1. In a computing environment, a method handing errors, the method comprising:

identifying a set including a plurality of explicitly identified failure conditions; determining that one or more of the explicitly identified failure conditions has occurred; and

as a result, halting a predetermined first execution scope of computing, and notifying another scope of computing of the failure condition.

2. The method of claim 1 , wherein the set including a plurality of explicitly identified failure conditions comprises a failure condition indicating that a static invariant requirement of a computing module has been violated.

3. The method of claim 1 further comprising identifying to a programmer user the set including a plurality of explicitly identified failure conditions to indicate to the programmer user failure conditions that can cause a failure of the first execution scope of computing.

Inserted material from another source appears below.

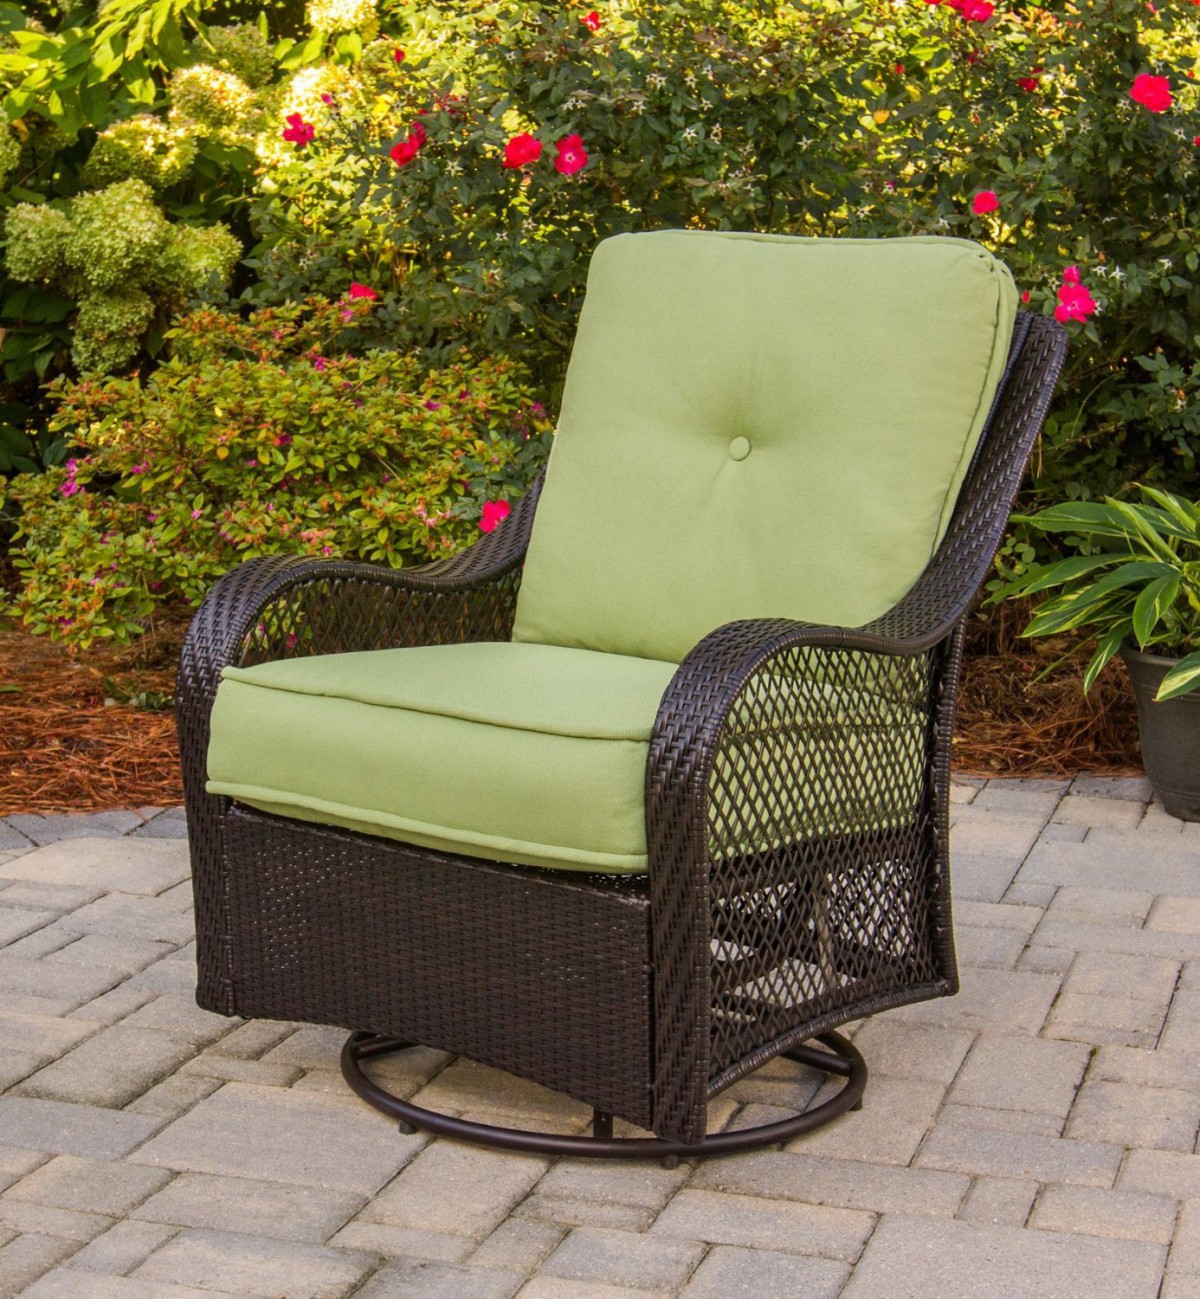 Hanover Orleans 4 Piece Outdoor Conversation Set with Swivel Glider Chairs

4. The method of claim 1 further comprising identifying to a compiler the set including a plurality of explicitly identified failure conditions to indicate to the compiler failure conditions that can cause a failure of the first execution scope of computing.

5. The method of claim 4, further comprising the compiler compiling the predetermined first execution scope of computing in an optimized way based on the identified set including a plurality of explicitly identified failure conditions.

6. The method of claim 5, wherein compiling the predetermined first execution scope of computing in an optimized way based on the identified set including a plurality of explicitly identified failure conditions comprises organizing the code layout of the predetermined first execution scope to improve cache efficiency by moving infrequently used code out of line.

7. The method of claim 5, wherein compiling the predetermined first execution scope of computing in an optimized way based on the identified set including a plurality of explicitly identified failure conditions comprises eliminating redundant control flow based on knowledge by the compiler of the conditions that cause halting the predetermined first execution scope of computing.